▶ GIVEN MATERIAL
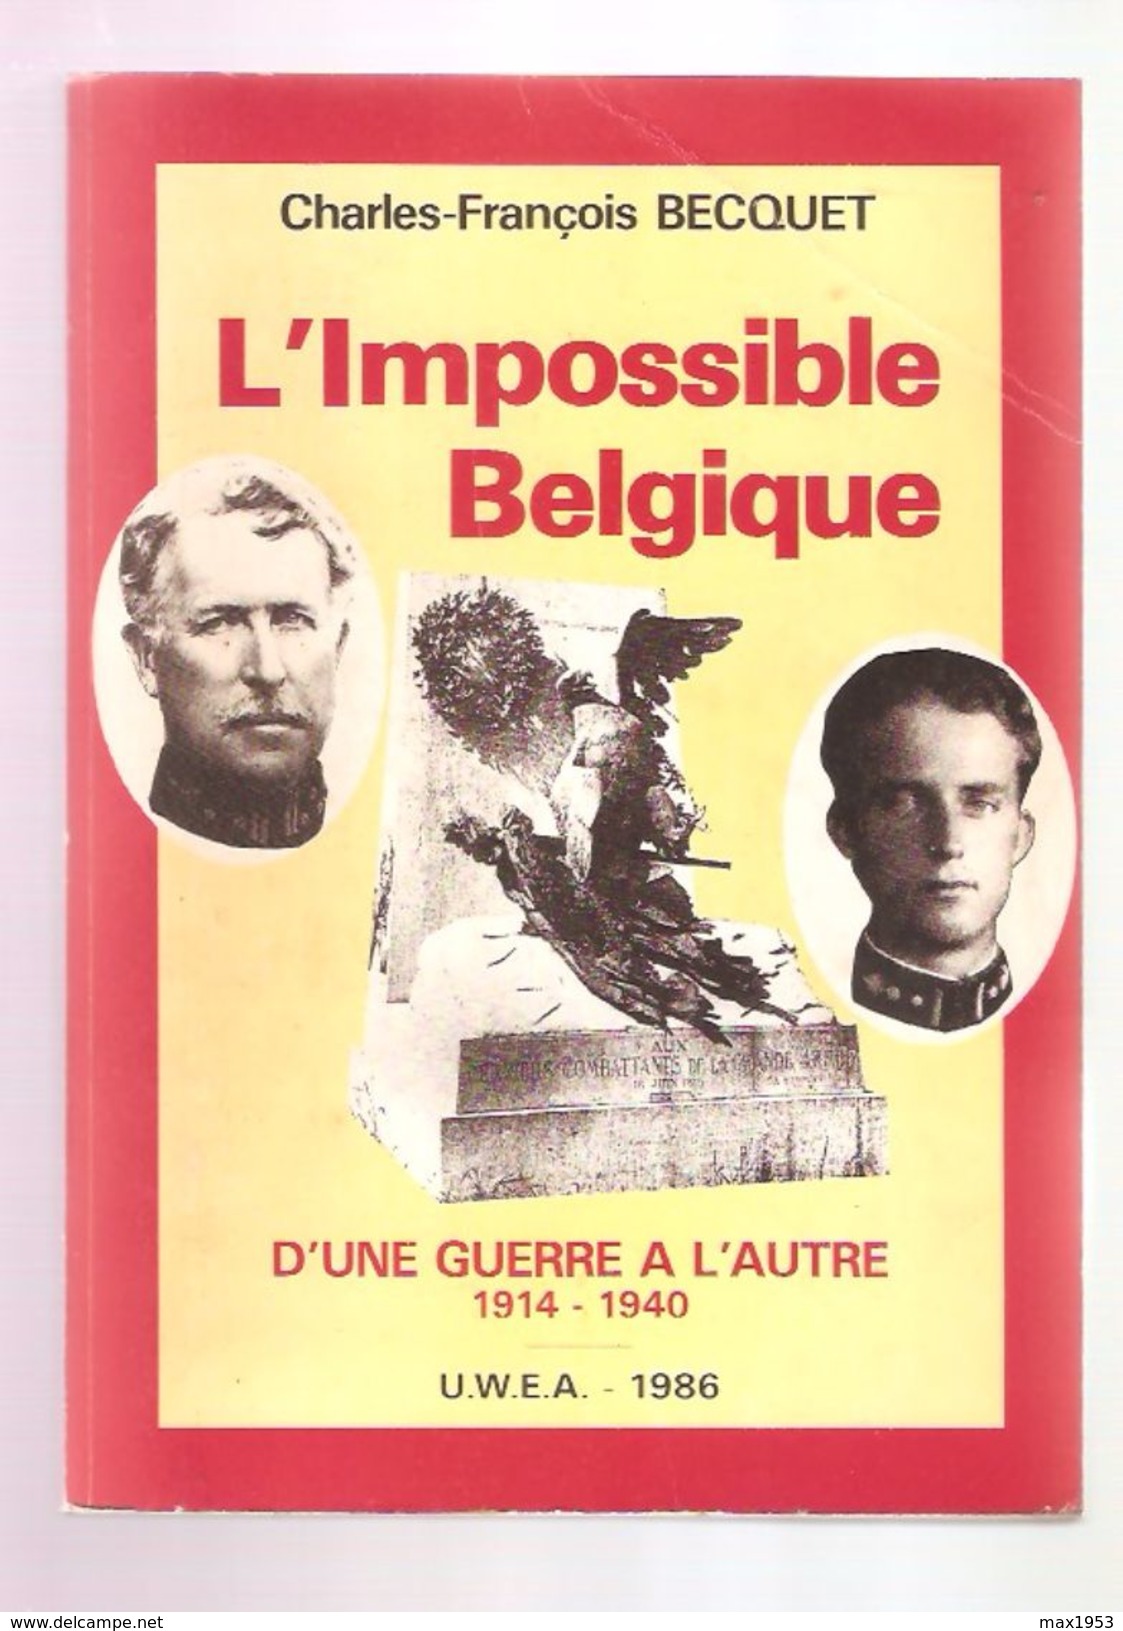 Charles-François BECQUET - L'IMPOSSIBLE BELGIQUE - D'UNE GUERRE A L'AUTRE 1914-1940 - U.W.E.A. Bruxelles 1986 - Belgique
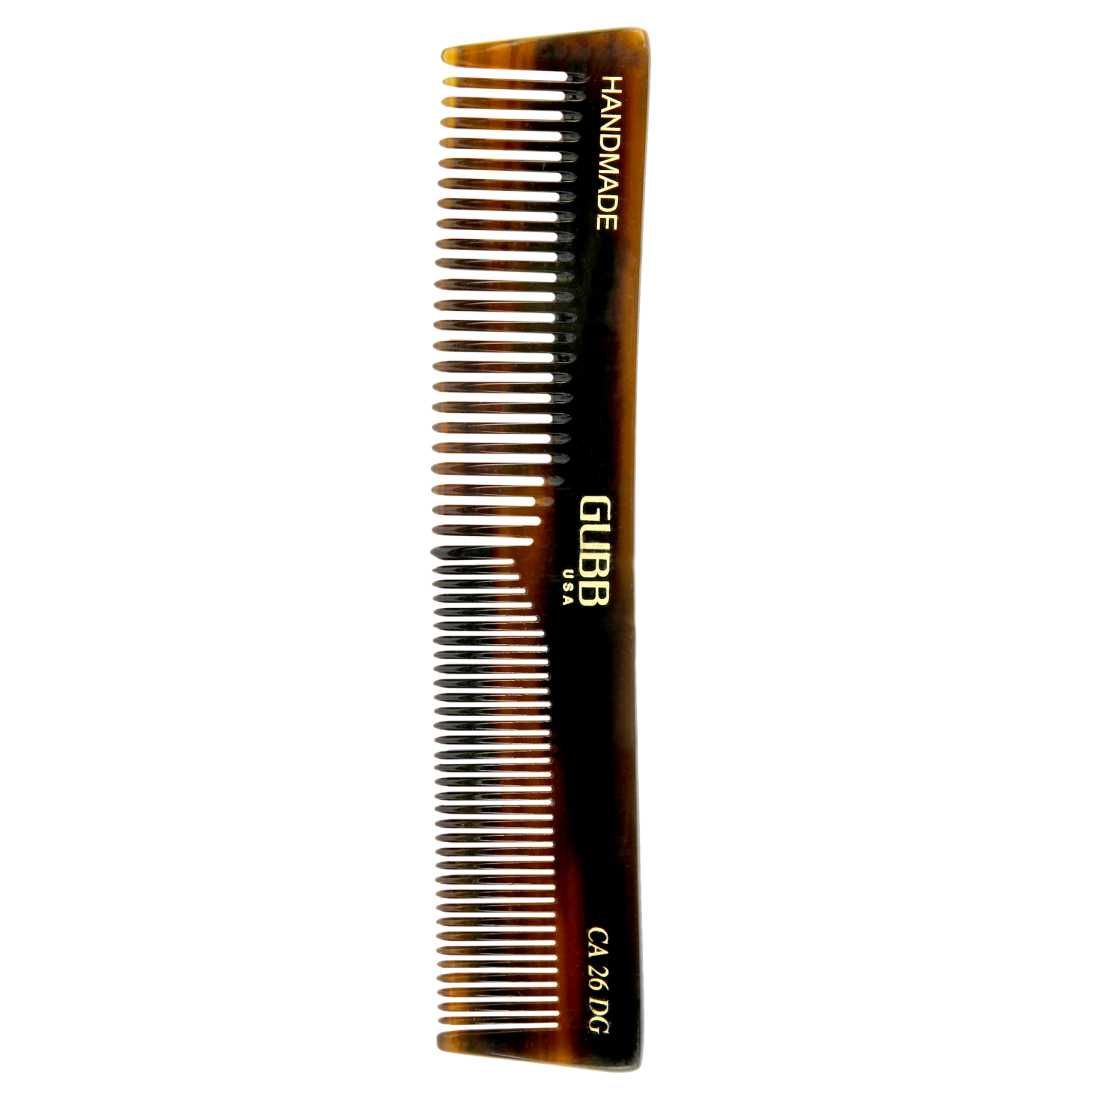 8 Pieces Hair Styling Comb Hair Brush Set Nylon India  Ubuy
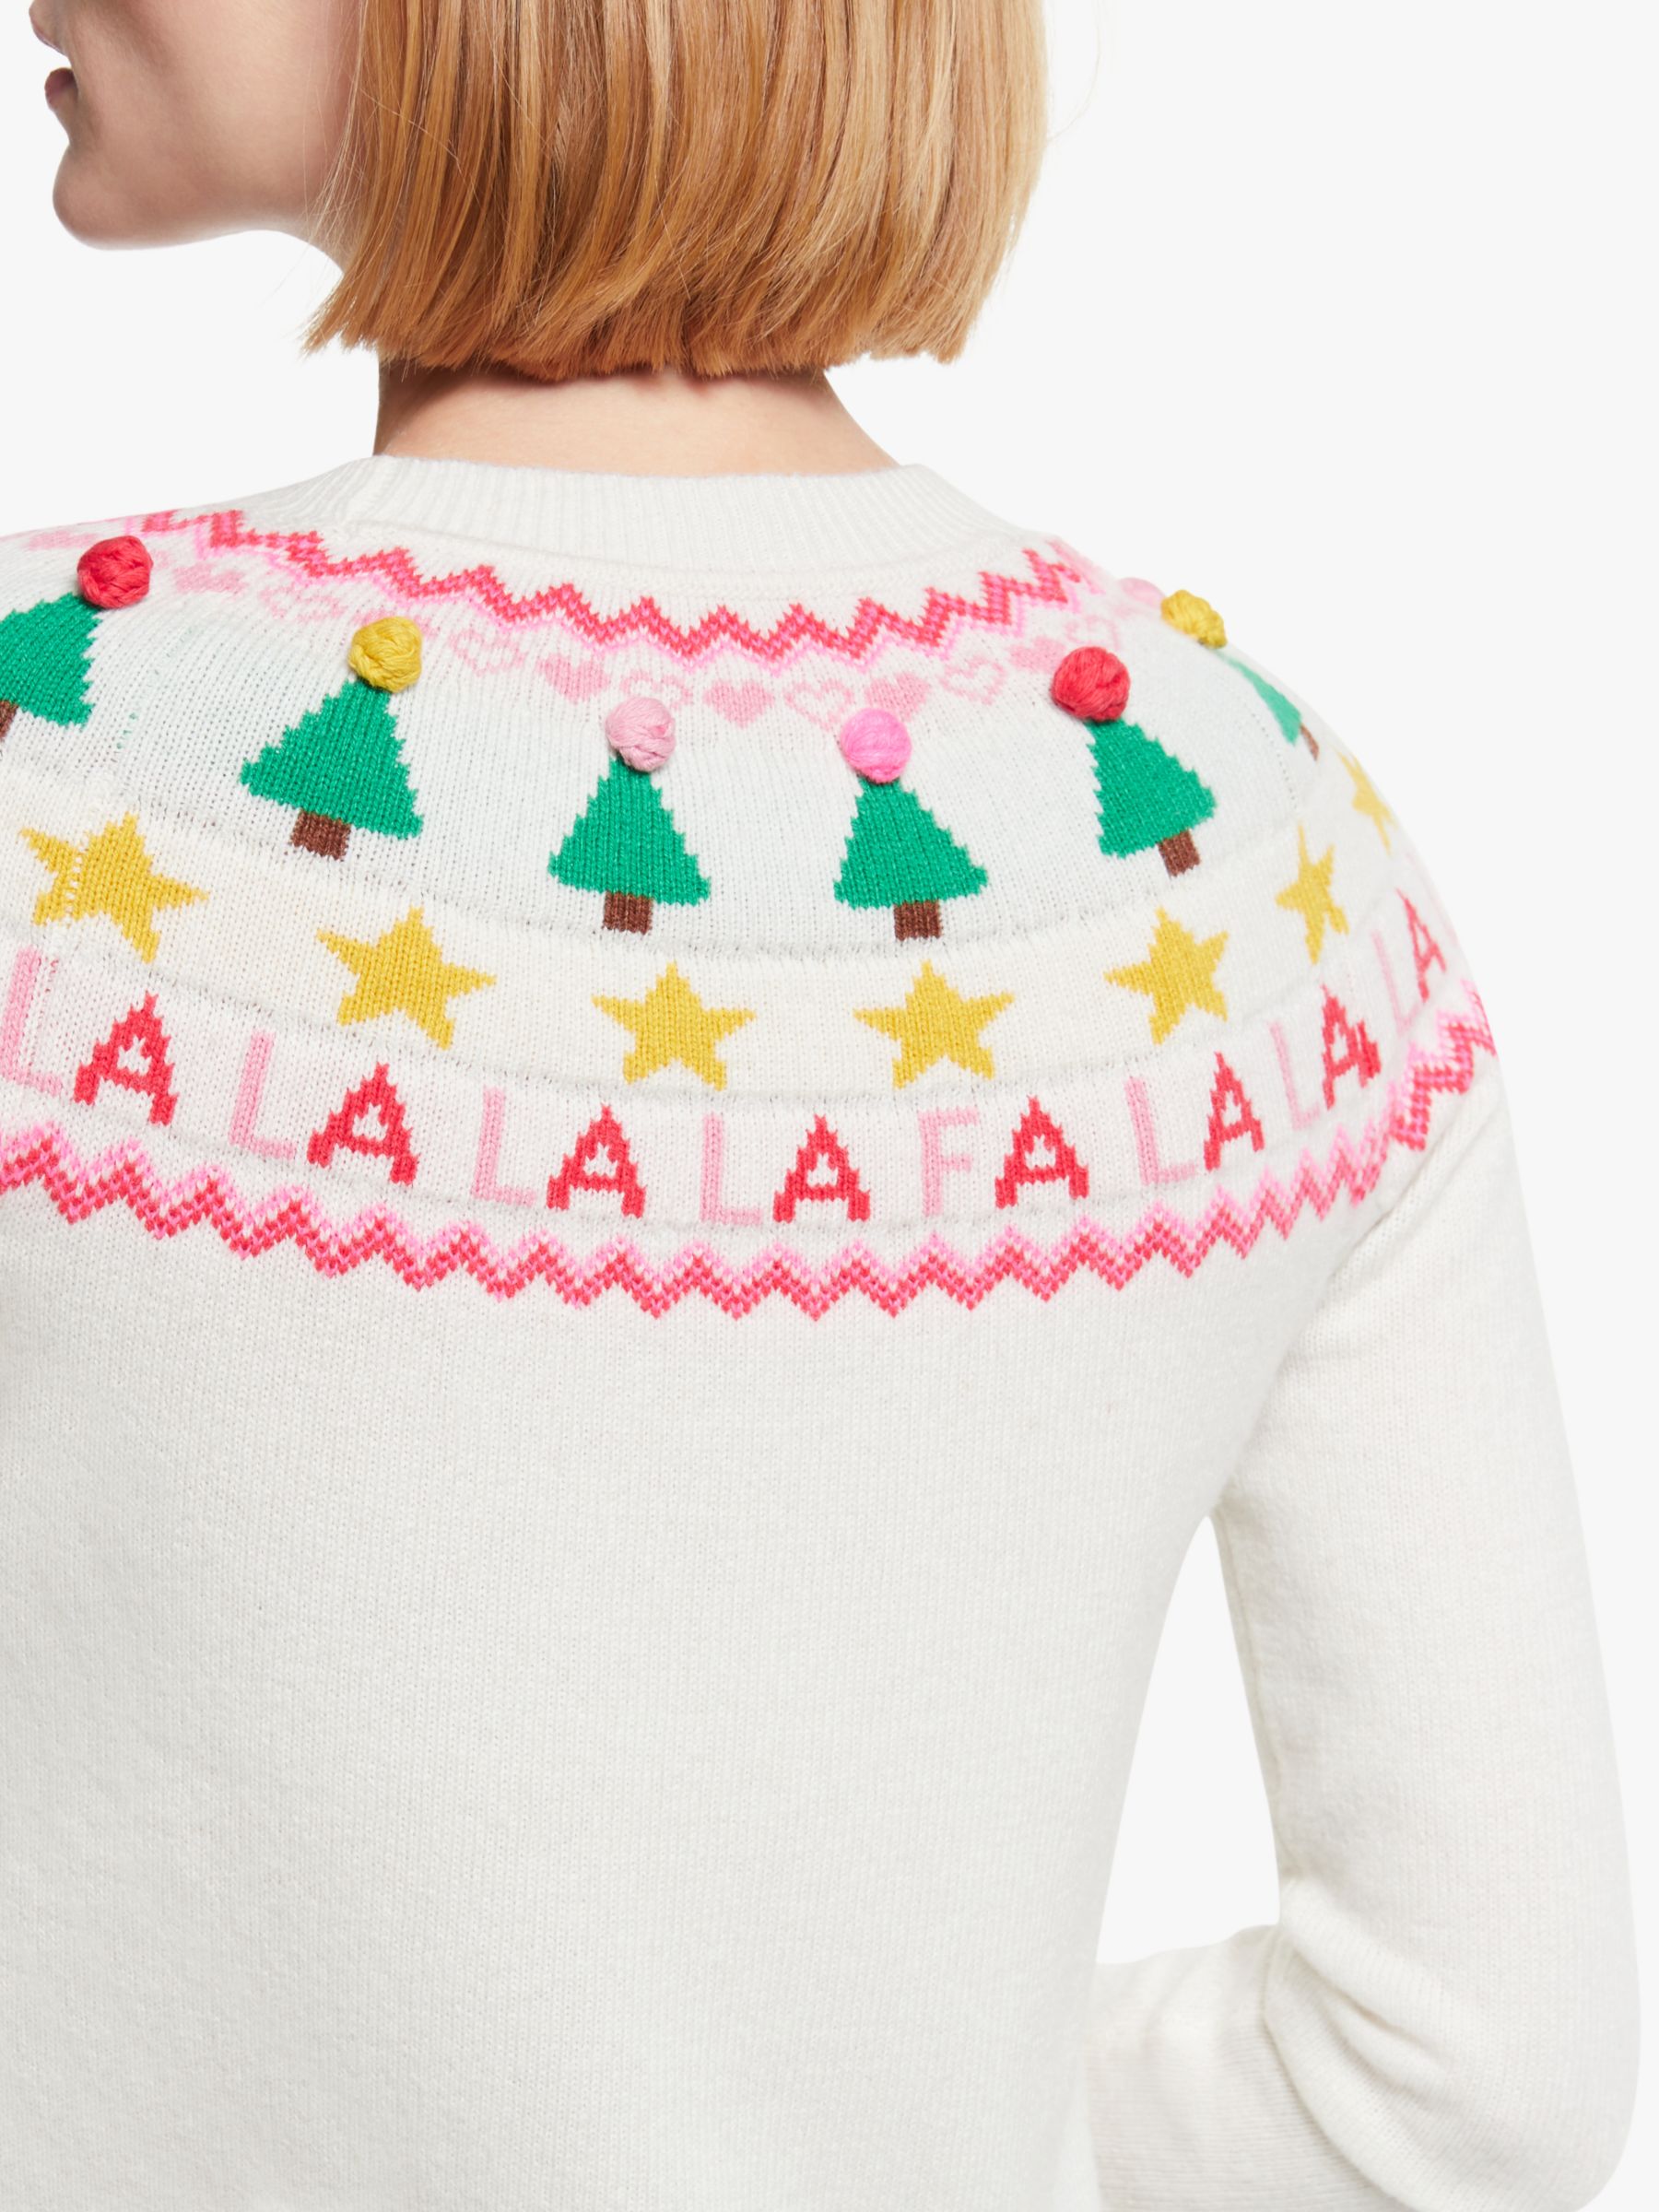 Fairisle design Christmas jumper from Boden ⋆ Boden Christmas
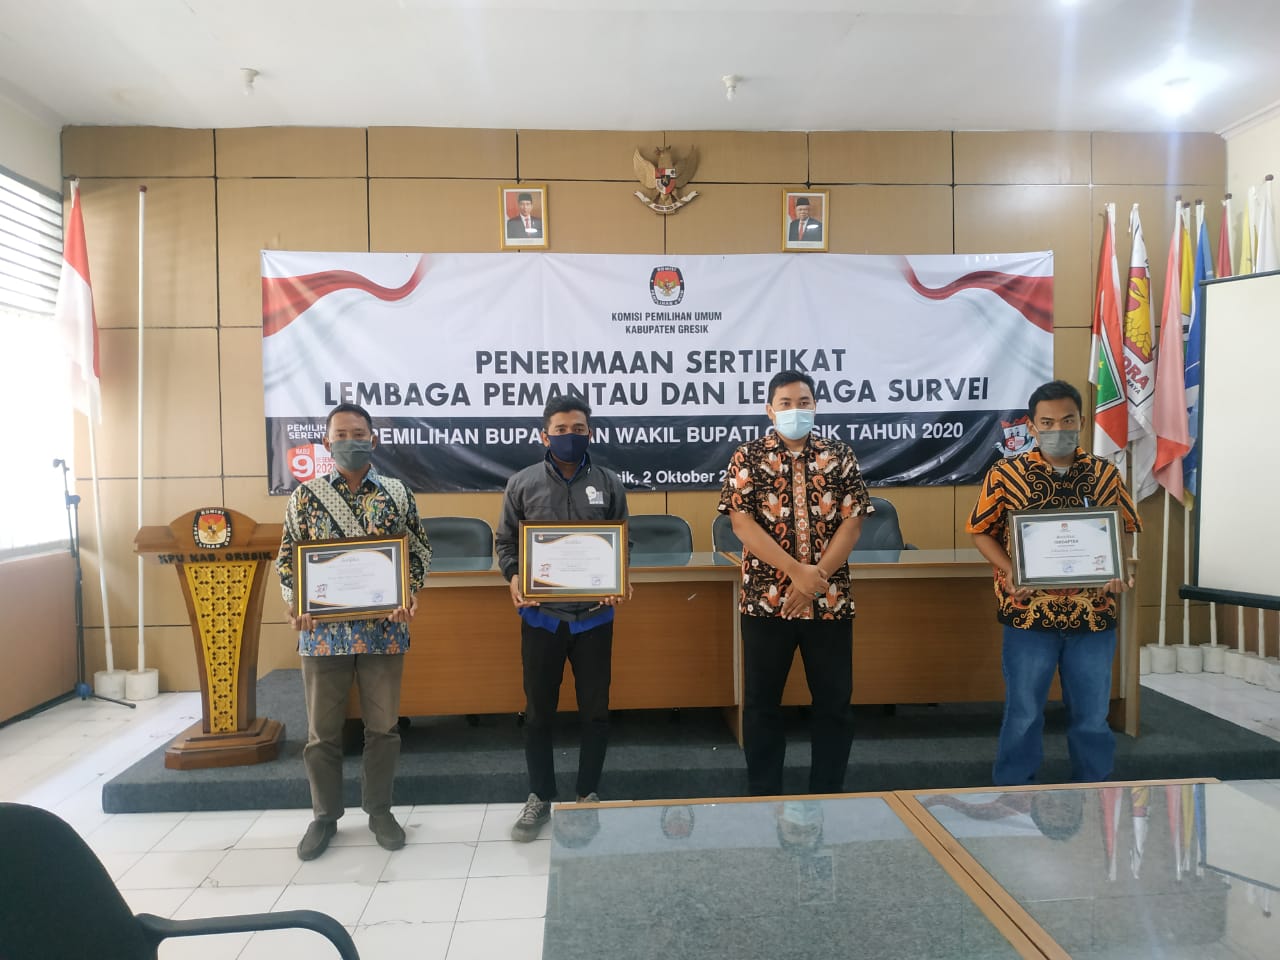 penyerahan sertifikat dipandu langsung oleh Komisioner Divisi SDM dan Parmas KPU Gresik Makmun.

▶ TASK DIRECTIONS
Here the lines from the one containing "8 Pieces Hair" through the end of the material are to be copied exactly, with the pictures omitted.

▶ ANSWER FOR THE TASK
 8 Pieces Hair Styling Comb Hair Brush Set Nylon India  Ubuy
 Fairisle design Christmas jumper from Boden ⋆ Boden Christmas
 penyerahan sertifikat dipandu langsung oleh Komisioner Divisi SDM dan Parmas KPU Gresik Makmun.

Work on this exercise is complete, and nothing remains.